29 May 2018

Lancaster Affairs

The old house is still standing....









The old hometown looks the same
As I step down from the train

Almost fifty years ago, in grainy black and white, I stepped warily off a train at Lancaster station, my head still heavy with farewells.  As in deportation dramas I was herded onto a bus with the small black, soft, suitcase my grandmother had gifted me, and delivered to the building site which was the County College, on Bailrigg Hill.  A smooth man, by the name of Roger perhaps, who said he taught linguistics, announced he was our tutor and gave us a glass of sweet white wine.

In my purple flares and stacked heels I staggered through freshers’ week, an eighteen year old with an empty head.  Somehow I made friends.  Ray Steele, son of a Crewe railwayman, a moustachioed Lawrentian character, confident with the girls; and Steve Blackham, from a broken family of St Leonard’s on Sea, whose dream of incessantly descending in a lift, stopping at all floors but never coming up, still haunts me.





We drank Boddingtons in the bar, conveniently close below my room, which looked out on the 200 year old oak tree (that I used to play on) in the quad.  We ate pies and beans and chips and sauce.  We smoked Players No 6.  We were introduced to teachers and study.  Philosophers who wore their jumpers backwards and smoked cigarettes and pipes simultaneously, who didn’t quite have a cat called Schrodinger but who talked about the table in the next room and whether it was there or not….  (Why didn’t they just look?)  Some of the Religious Studies staff wore kaftans and spoke with dense Scottish accents; others talked of India and Japan as if they were real places.  I heard that Gautama was a bit like St Francis, without the wolf, and that Mohammad was also a bit like St Francis, though with thirteen wives….

In the English department, there was talk of gest and Brecht.  Coal for Mike meant something.  Was I being indoctrinated?  Others talked of alveolar consonants and voiced dental fricatives, while still others wanted me to read Ancrene Wisse (Ondes Salue, Ich seide, wes feolahlich luue….)  I was being indoctrinated….  But wasn’t that what I had come for?

The University of Lancaster was taking shape. A nondescript brick building housed a computer, all punch cards, reels of tape, and whirring.  The chaplaincy centre conspired to refer to Le Corbusier’s Notre Dame du Haut, though only later, under the tutelage of Basil Ward, might I have come to this misconception.
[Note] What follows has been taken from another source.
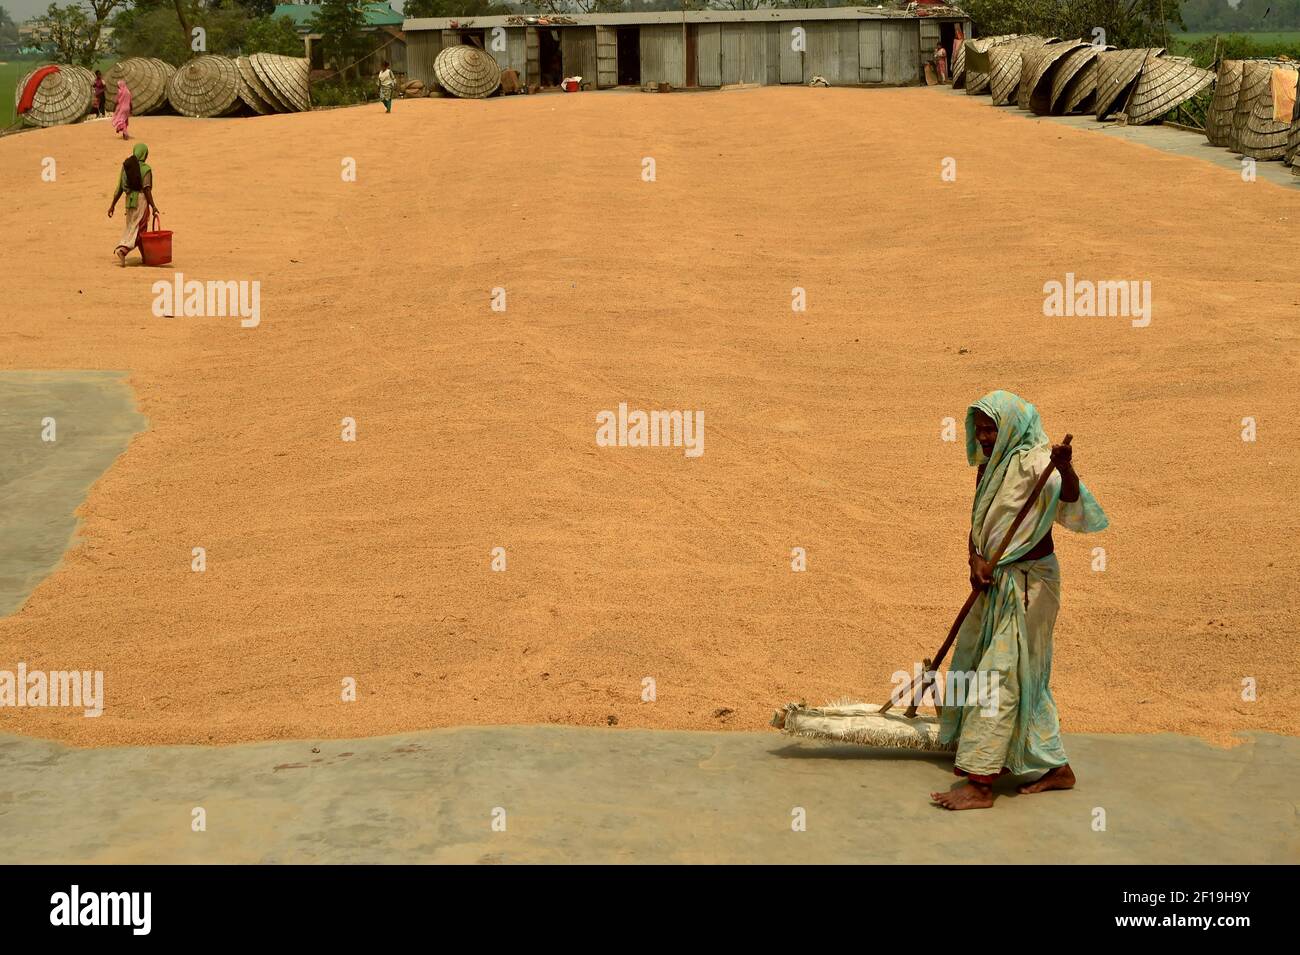 Brahmanbaria. März 2021, 7th. Ein Arbeiter trocknet am 7. März 2021 in einem Hof einer Reismühle in Brahmanbaria, 109 Kilometer nordöstlich der Hauptstadt Dhaka, Bangladesch, Reisernte. Quelle: Xinhua/Alamy Live News Stockfoto

I found a music room somewhere to which I escaped to play a recording of Fernando Germani playing Bach’s D Minor Toccata and Fugue, at full volume.  Later I realised that full volume was actually eleven on the scale, when The Who accepted £1,050 to perform Tommy in the Great Hall, and my ears still ring from being up close and personal with Pete Townshend’s 2,000 watt speakers.  Still later my brain was even further rearranged when Bob Marley and Peter Tosh thanked me for help in shifting the Wailers’ gear with a dark introduction to Caribbean customs in their dressing room….

Around the same time I saw Leni Riefenstahl’s film of the 1936 Olympics; I remember asking someone in the interval how long it would go on, and was told that it was very long…. It covered the whole Olympics….  My understanding of the world was developing.

Kath Owen screamed I’m going back to New York City, I do believe I’ve had enough on grey walks under the M6 and over concrete tubes, even though she wasn’t from New York, she was from Treforest, a ward of Pontypridd, and it was there that her father took me on a tour of pubs, each of which had a back room with an ex-miner in a tuxedo and a bootlace tie endlessly singing Green, Green Grass of Home……

Sarah, from genteel Harrogate, slipped in a spillage of beer and broke an arm, so taught me to cook minced beef with sweet corn and mushrooms, with a crumbled OXO cube, in one saucepan.  For one.


Then Mary Lewis, one of four children of a Presbyterian Minister once of Coquetdale (but latterly of Geneva), became close, and stayed so through the second year in college and a year at 64 Dale Street in town, until, following her first class degree in history, the power of the US intervened in the form of a dandy don from Dumb Tom’s and I had to find consolation in Diane, from Stockport, and other drugs….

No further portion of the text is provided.